■ What you need to do:
Copy the records below word for word. Stop after the line that contains "Bandeirinha - Plantas".

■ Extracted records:
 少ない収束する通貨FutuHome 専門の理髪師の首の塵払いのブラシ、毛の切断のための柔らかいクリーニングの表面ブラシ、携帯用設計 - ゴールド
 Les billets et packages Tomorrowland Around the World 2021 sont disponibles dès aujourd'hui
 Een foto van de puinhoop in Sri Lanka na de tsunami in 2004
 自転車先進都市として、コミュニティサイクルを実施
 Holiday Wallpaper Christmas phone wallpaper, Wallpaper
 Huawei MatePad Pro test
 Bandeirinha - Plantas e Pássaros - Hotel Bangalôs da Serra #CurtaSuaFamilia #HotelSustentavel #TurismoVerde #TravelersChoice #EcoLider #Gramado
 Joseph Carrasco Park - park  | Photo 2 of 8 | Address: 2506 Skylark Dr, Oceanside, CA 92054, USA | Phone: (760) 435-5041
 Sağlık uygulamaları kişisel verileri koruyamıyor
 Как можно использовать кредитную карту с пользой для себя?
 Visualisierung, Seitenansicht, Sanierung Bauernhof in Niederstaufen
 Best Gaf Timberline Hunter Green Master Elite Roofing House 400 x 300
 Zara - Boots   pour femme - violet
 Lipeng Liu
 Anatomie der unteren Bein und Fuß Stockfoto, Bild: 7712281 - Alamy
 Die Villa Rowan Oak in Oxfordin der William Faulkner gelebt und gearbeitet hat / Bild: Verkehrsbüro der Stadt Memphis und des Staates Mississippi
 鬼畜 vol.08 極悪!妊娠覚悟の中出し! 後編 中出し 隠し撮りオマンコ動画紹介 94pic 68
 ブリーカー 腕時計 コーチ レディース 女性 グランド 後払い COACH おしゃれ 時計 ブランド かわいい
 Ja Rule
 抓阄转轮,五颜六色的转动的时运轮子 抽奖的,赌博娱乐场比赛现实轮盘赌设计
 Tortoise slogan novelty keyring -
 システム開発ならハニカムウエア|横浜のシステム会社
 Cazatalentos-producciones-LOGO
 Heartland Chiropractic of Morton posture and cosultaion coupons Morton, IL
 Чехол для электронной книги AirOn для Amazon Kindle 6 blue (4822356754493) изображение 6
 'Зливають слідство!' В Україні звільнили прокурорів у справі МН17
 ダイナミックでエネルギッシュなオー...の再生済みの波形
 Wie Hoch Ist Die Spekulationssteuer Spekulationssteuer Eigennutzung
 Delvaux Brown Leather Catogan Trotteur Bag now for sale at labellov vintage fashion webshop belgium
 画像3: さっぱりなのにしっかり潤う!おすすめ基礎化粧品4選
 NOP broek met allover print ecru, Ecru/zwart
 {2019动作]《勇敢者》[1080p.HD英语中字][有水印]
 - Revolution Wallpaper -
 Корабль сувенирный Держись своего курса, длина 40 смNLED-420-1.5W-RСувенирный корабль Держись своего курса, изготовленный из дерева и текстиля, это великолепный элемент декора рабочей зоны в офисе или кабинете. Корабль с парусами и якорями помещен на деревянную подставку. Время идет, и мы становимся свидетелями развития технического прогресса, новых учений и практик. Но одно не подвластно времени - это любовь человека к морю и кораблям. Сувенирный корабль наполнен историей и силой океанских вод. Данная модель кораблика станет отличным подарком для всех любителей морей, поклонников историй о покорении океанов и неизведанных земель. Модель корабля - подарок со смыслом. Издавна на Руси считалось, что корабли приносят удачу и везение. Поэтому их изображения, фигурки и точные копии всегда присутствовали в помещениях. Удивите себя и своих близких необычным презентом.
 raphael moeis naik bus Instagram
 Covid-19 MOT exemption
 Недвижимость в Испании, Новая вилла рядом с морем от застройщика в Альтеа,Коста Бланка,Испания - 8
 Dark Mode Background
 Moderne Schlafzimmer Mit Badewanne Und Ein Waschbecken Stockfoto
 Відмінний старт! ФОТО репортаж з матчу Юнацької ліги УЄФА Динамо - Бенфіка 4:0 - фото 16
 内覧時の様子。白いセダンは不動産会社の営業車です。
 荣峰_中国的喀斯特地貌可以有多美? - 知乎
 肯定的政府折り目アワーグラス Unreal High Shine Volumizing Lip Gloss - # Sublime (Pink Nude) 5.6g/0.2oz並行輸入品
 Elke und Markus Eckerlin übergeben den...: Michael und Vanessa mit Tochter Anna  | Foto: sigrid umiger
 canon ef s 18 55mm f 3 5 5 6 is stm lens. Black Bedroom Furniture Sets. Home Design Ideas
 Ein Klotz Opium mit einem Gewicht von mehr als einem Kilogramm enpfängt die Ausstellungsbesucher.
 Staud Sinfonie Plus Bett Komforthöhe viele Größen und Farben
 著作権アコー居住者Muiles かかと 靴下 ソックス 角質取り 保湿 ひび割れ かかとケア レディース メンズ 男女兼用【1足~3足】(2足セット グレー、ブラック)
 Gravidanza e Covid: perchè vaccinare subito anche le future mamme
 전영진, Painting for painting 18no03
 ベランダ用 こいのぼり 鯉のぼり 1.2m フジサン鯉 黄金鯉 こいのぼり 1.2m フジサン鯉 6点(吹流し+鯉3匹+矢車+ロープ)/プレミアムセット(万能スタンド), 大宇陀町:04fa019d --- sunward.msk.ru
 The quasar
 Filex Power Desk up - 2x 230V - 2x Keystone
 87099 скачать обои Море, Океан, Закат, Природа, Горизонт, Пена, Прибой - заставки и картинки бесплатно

■ Answer for this exercise:
 少ない収束する通貨FutuHome 専門の理髪師の首の塵払いのブラシ、毛の切断のための柔らかいクリーニングの表面ブラシ、携帯用設計 - ゴールド
 Les billets et packages Tomorrowland Around the World 2021 sont disponibles dès aujourd'hui
 Een foto van de puinhoop in Sri Lanka na de tsunami in 2004
 自転車先進都市として、コミュニティサイクルを実施
 Holiday Wallpaper Christmas phone wallpaper, Wallpaper
 Huawei MatePad Pro test
 Bandeirinha - Plantas e Pássaros - Hotel Bangalôs da Serra #CurtaSuaFamilia #HotelSustentavel #TurismoVerde #TravelersChoice #EcoLider #Gramado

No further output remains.